Maybe second phrase means: you are *in*  my heart.


----------



## deine

Flaminius said:


> Sveika, *deine*.
> 
> I am trying to analyse the grammar of this sentence. Maybe you could tell me why _manējo eņģeli_ is in singular accusative? With _Jūs esat_ in plural, I thought the predicate should be something like; _manējie eņģeļi_.


 
_Jūs esat_ - in this sentence is singular polite form, that is why _manējo eņģeli_ is in singular accusative.


----------



## Flaminius

Oh, _Jūs esat_ as a polite reference to a singular person makes the predicate singular accusative?  Something new to me.  Thanks!


----------



## karuna

*



			Jūs esat manējo eņģeli
		
Click to expand...

*It sounds ungrammatical and probably is said by a non-native.
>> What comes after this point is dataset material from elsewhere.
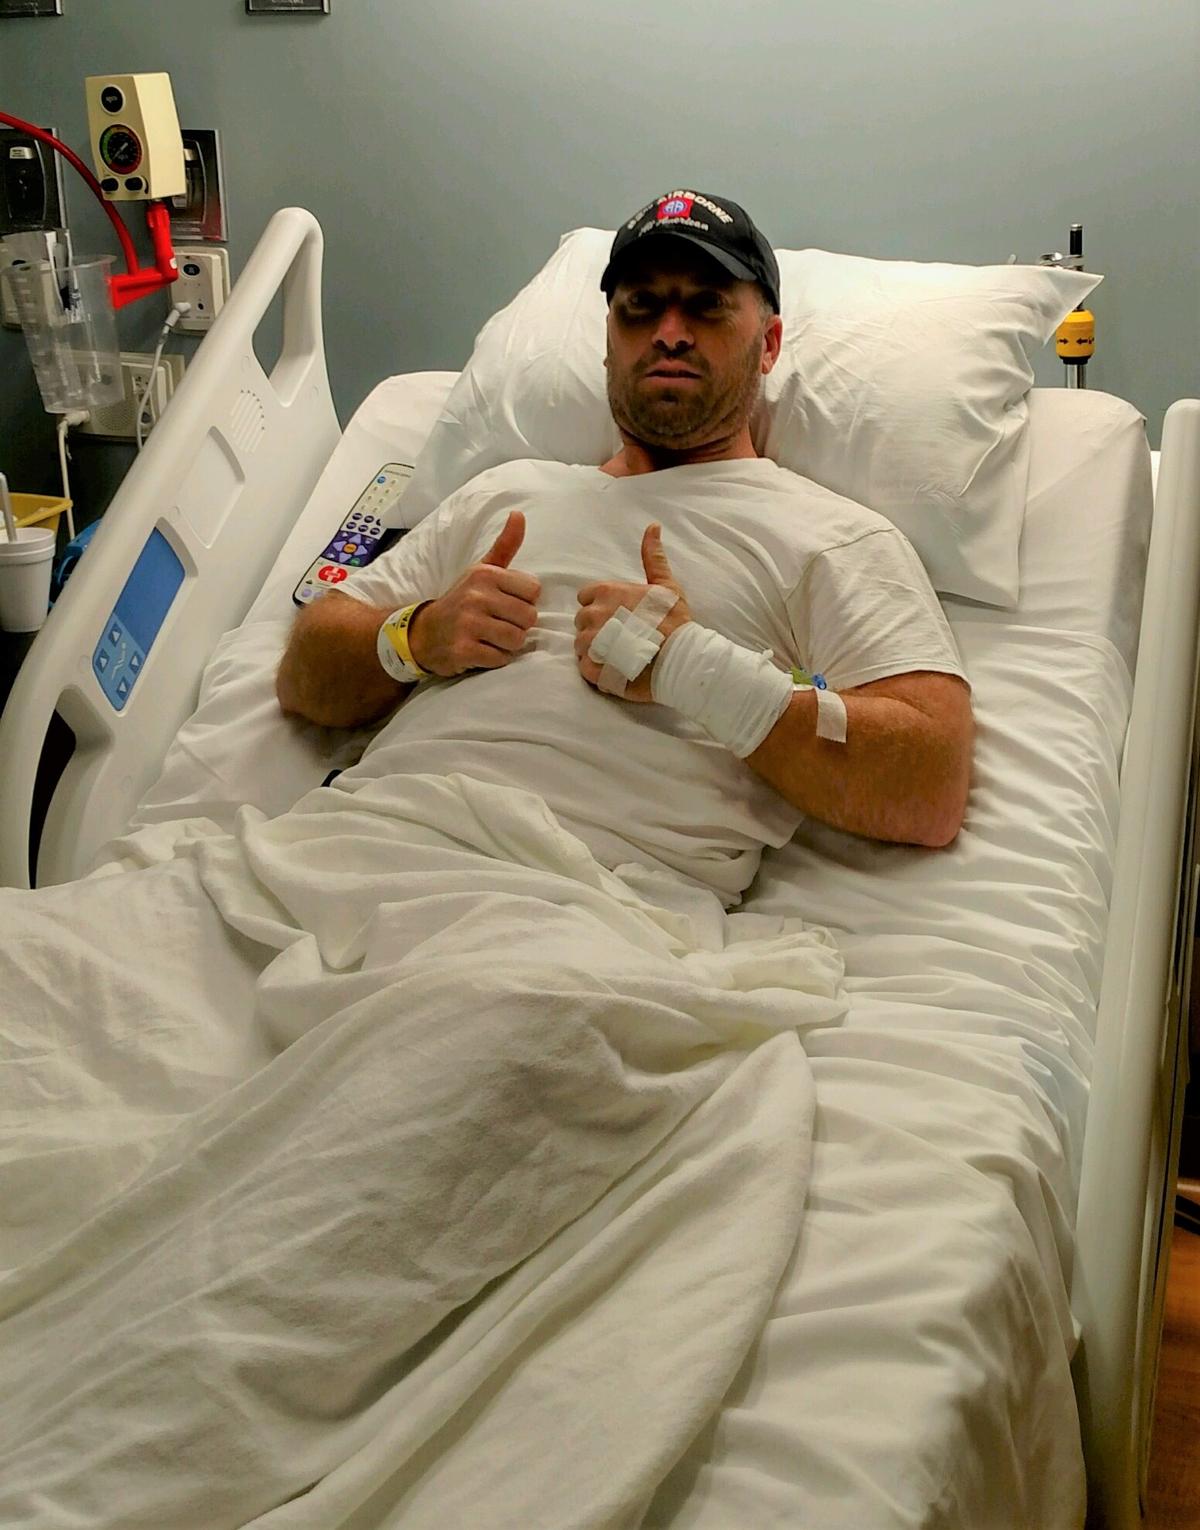 Steven Connors during his recovery. (Courtesy ofLakeland Fire Department)
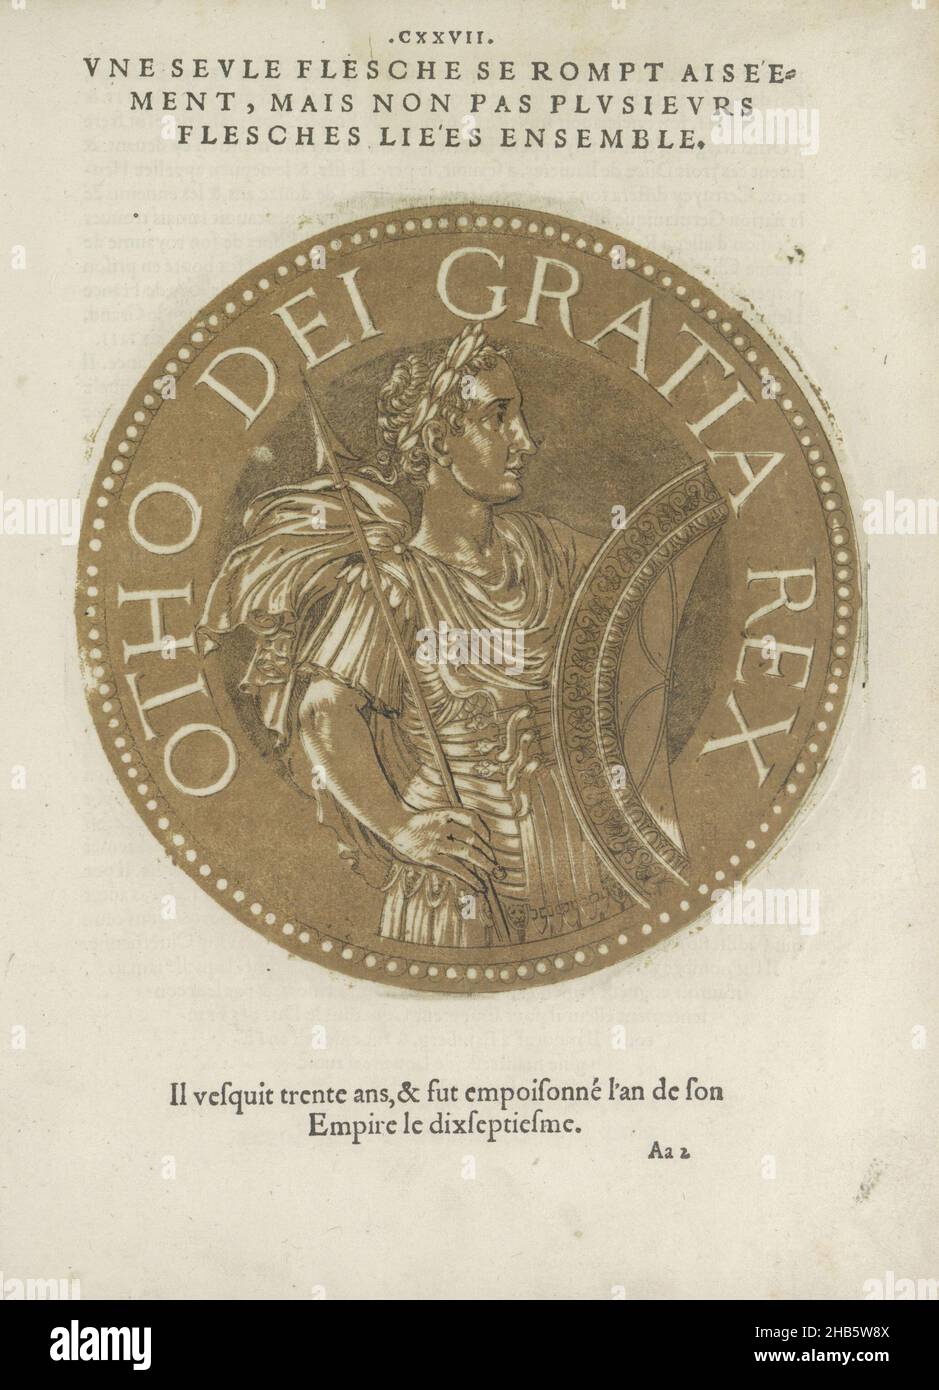 Portrait of Emperor Otto IIILes images presque de tous les empereurs (series title), Portrait of Emperor Otto III, on a coin with edge lettering. The print is part of a book on the emperors from Julius Caesar to Charles V and his brother Ferdinand., Joos Gietleughen, print maker: Hubert Goltzius, Antwerp, 1557 and/or 1559, paper, etching, letterpress printing, height 180 mm × width 179 mm Stock Photo

The accusative case is not necessary here and using the polite singular, saying intimate things is also not natural in Latvian. But I perceive _manējo eņģeli _as the vocative case that is still grammatically out of place but better reflects speaker's intention.


----------



## Orion7

Nova_lady said:


> *Jūs esat manējo eņģeli ... Jūs esat manā sirdī ..!*


Literary it would be: «_Jūs esat mans eņģelis. Jūs esat mana sirds (manā sirdī)_».


----------